Hi! I'm curious if there are thoughts on how to ha...
# integration-bigquery
r
Hi! I'm curious if there are thoughts on how to handle schema changes? The way the IO manager is currently configured for non partitioned tables it truncates the table explicitly which maintains the schema. the bigquery
load_table_from_dataframe
by default doesn't allow column addition. The 2 config options that bigquery seems to expose are: • setting the job WriteDisposition to
WRITE_TRUNCATE
(this replaces the whole table and is nice because it also allows incompatible changes like changing a column type, but doesn't fit in as well with the DBIOManager abstraction and would only work for non partitioned tables) • passing
ALLOW_FIELD_ADDITION
as a schemaUpdateOption I'm not sure the best way to expose these options but one or both would very helpful (we currently have a handwritten bq io manager that we've been using which uses `WRITE_TRUNCATE`ours doesn't support partitions though so excited to migrate!)
j
Hey @Rob Martorano! I don’t have a best-practices suggestion for you, but just wanted to let you know that supporting adding columns to the DB IO managers is something I’m planning to work on shortly!

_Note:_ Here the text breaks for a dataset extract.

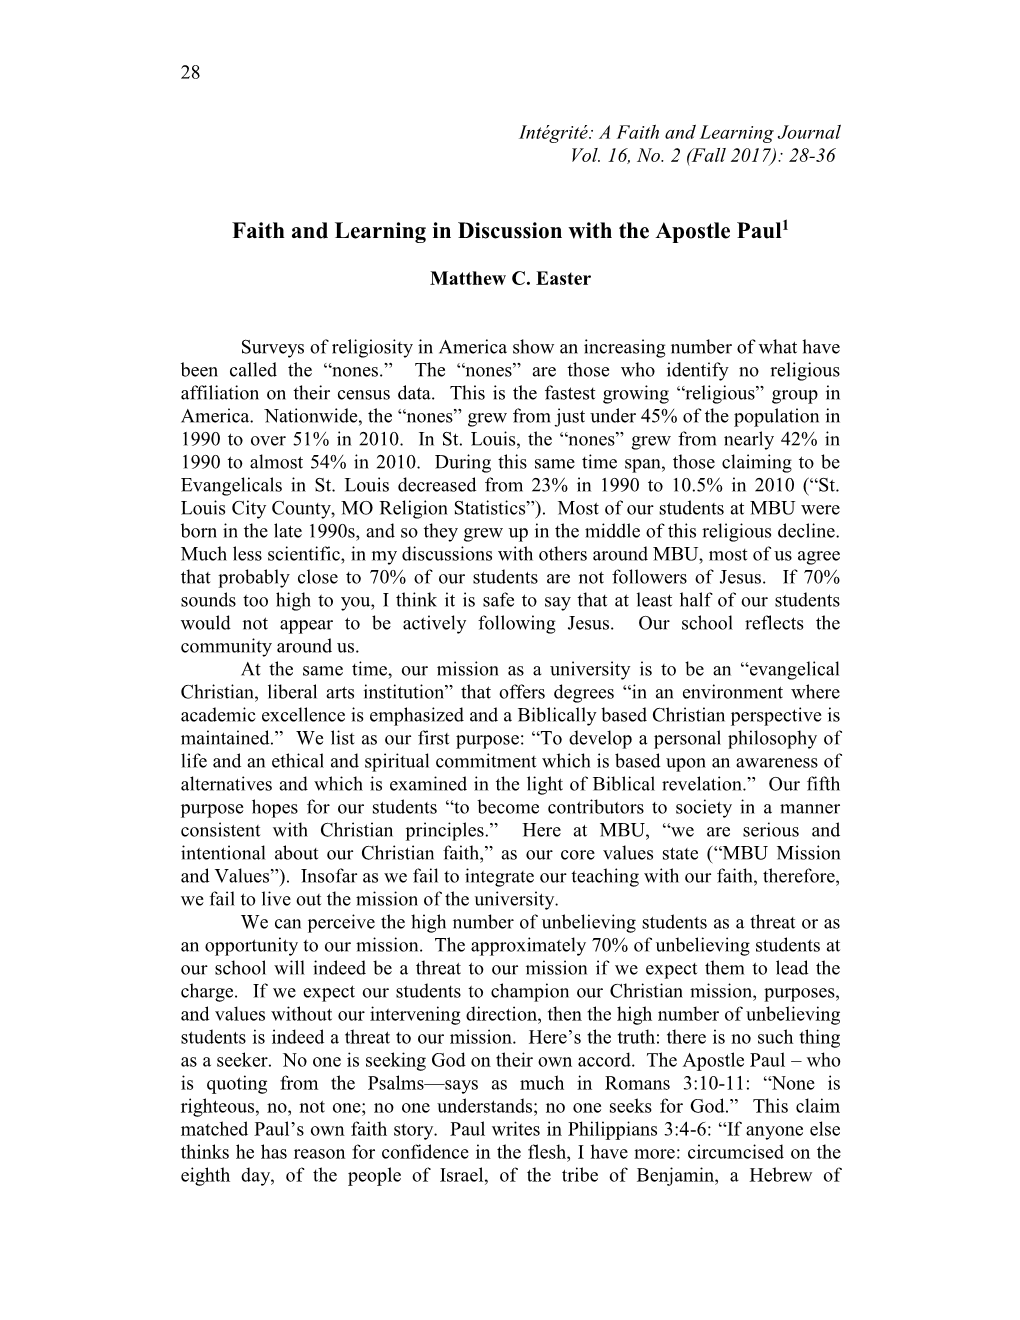 Faith and Learning in Discussion with the Apostle Paul1

Here’s the corresponding GH issue for you to track! https://github.com/dagster-io/dagster/issues/13098
r
gotcha, glad its on the roadmap! thank you!
d
@Rob Martorano, I've been dropping tables when I do schema migrations (I've also added this to the ticket, @jamie) Details: • I'm using Snowflake (not sure if that changes anything) • I have smaller tables than most (the largest one has 2-3 million records) so performance-wise this is fine for me, but as suggested on the bug it might not be fine for other • I think this does fit nicely with the notion that I can recreate my entire data graph from scratch (again, my graph may be smaller than most - like 20-30 nodes) • The biggest problem for me has been than I have a few Snowflake roles (some for user-facing apps) that only have access to a few specific tables (so I can't just grant select on all future tables in a schema), and I lose those permission grants when I drop the tables. ◦ My best idea so far is include a statement granting those permissions as part of any such assets.